We made our first trip out with the Apache Eagle. Pics are here:
http://picasaweb.google.com/lh/sred...14945&authkey=Gv1sRgCMqM1afapbnLYA&feat=email

We pulled the Eagle out of the garage and I decided to open it up to make it easier to load. Well, I forgot how to open it up, and struggled with it for a while. Couldn't open up the left bed end. I reached a point where I was ready to put it back in the garage and just use our tents, but figured I'd mess around a little more. We finally figured it out and got it open. We loaded it up with our camping gear, backpacks, sleeping bags, canvas, awning, chairs, camping storage box. Couldn't close it. The plastic storage box was a little too high. We popped the box in the car and were good to go!

We popped one of our three beagles in the car (we decided Nicholas was the designated camp beagle), said our goodbyes to my wife, and off we went. We picked up my son's friend, loaded his stuff up, then off to Publix for groceries. Grocery shopping was quick, we picked up some ice while in the store, headed out and loaded up our coolers. Then off we went!

Red Top Mountain State Park is just a short ride from us, so we made it there in no time. We opened up the camper and put the canvas up. Tied the canvas where it's supposed to tie, clipped it where it clipped. I forgot to push the central support stay all the way up, so my pictures are of a camper with a sagging roof. No, the roof doesn't really sag, I just didn't snap new pictures after pushing the central support all the way up.

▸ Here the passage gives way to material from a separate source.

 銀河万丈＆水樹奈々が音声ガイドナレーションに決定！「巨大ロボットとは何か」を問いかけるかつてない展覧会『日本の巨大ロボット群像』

I went to zip the door closed. It zipped a little further than the last time I had it up. Then I pulled the canvas tighter and zipped further. Then I put my thumb through my nice, new screen just replaced and resewn two weeks ago. But duct tape to the rescue! (I'll do a better patch next time out). We got the door zipped a good way down, still have more stretching to do - but are much closer to getting it zipped.

My son lives on frozen pizza, so we put a disposable aluminum cake tin in the dutch oven, put the single serve pizza on top of that, then closed the lid. The frozen pizzas cooked to perfection in the dutch oven, and my son was happy. Breakfast was sausage, eggs, toast and hot chocolate or coffee. The coffee over the fire was great! Lunch was grilled American cheese or grilled Pepperjack cheese sandwiches. Dinner was cubed steak on toast and potatoes from the frying pan. My son is a nut for Grand's Biscuits - so I made them in the dutch oven, using the upside-down cake tins to keep them off the bottom. Breakfast Sunday was Orange Rolls cooked in the - you guessed it. Along with coffee percolated over the fire and hot chocolate. We had some left over eggs, so my son's friend and Nicholas had hard-boiled eggs.

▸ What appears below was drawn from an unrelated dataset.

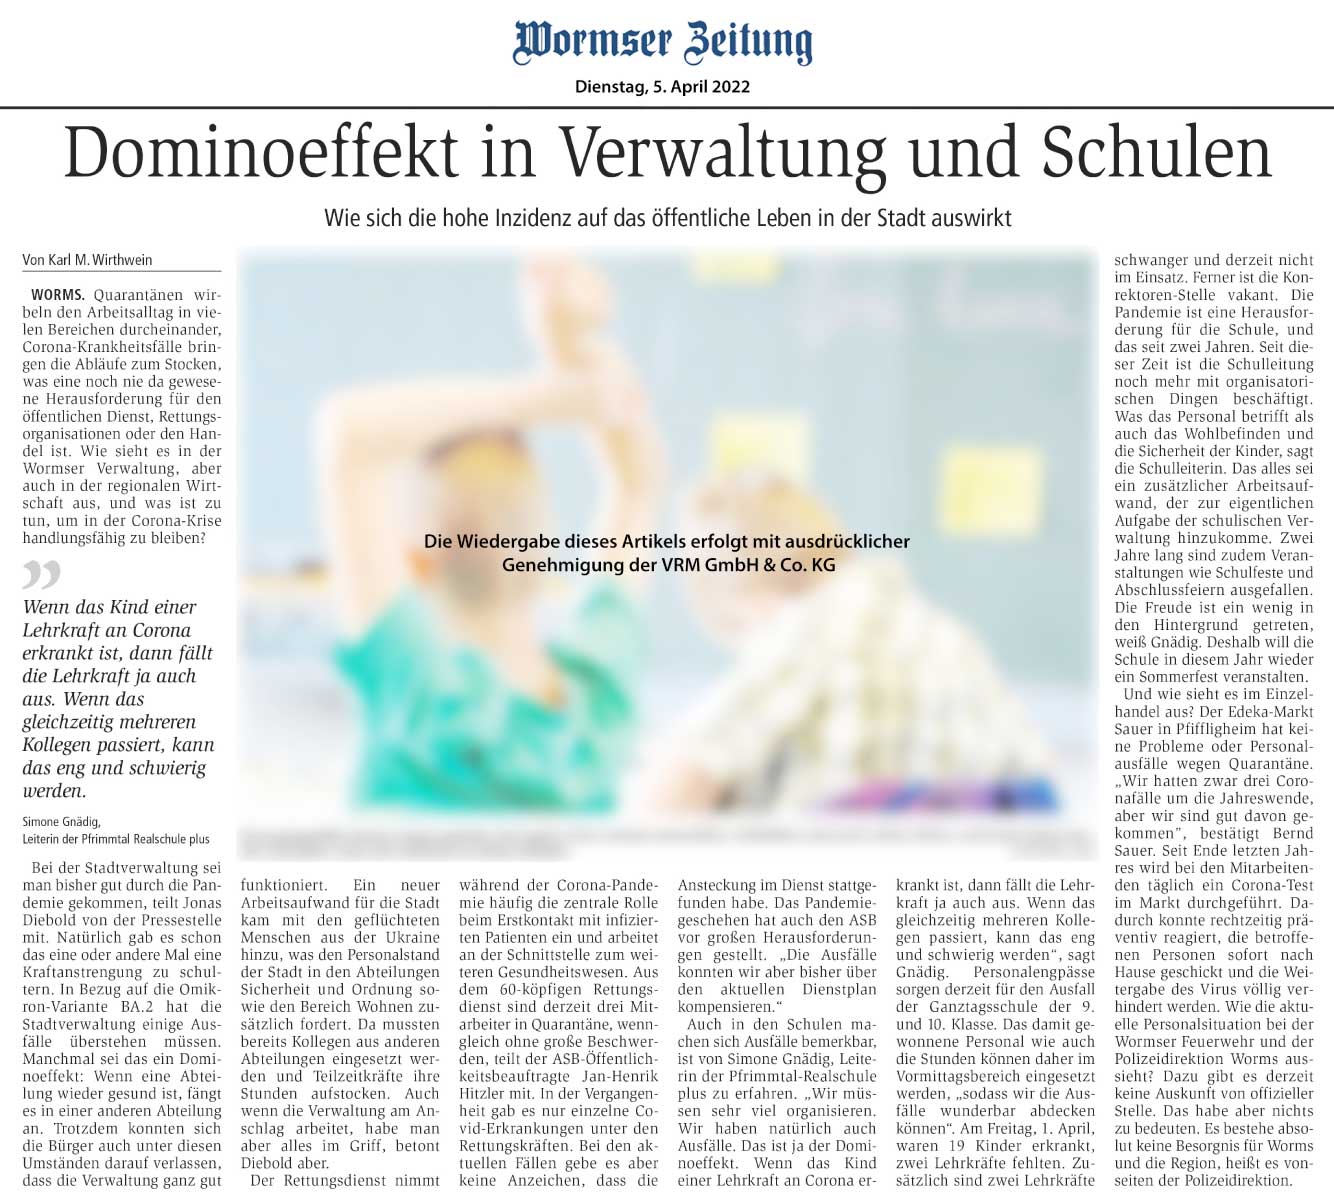 Wormser Zeitung: Dominoeffekt in Verwaltung und Schulen

We had fun doing some hiking. We saw a get-together of the Georgia Opel Club, and checked out some cool Opel GTs, an Opel Manta and an Opel Sportwagon. All very cool cars. We snapped pics, as my wife really liked them.

Now I want to spend a little time working on a few dents on the camper. The camper was fun, easy to tow (even with a Corolla with two kids, a dog and camping supplies). It was comfortable. I slept well, and my son slept well.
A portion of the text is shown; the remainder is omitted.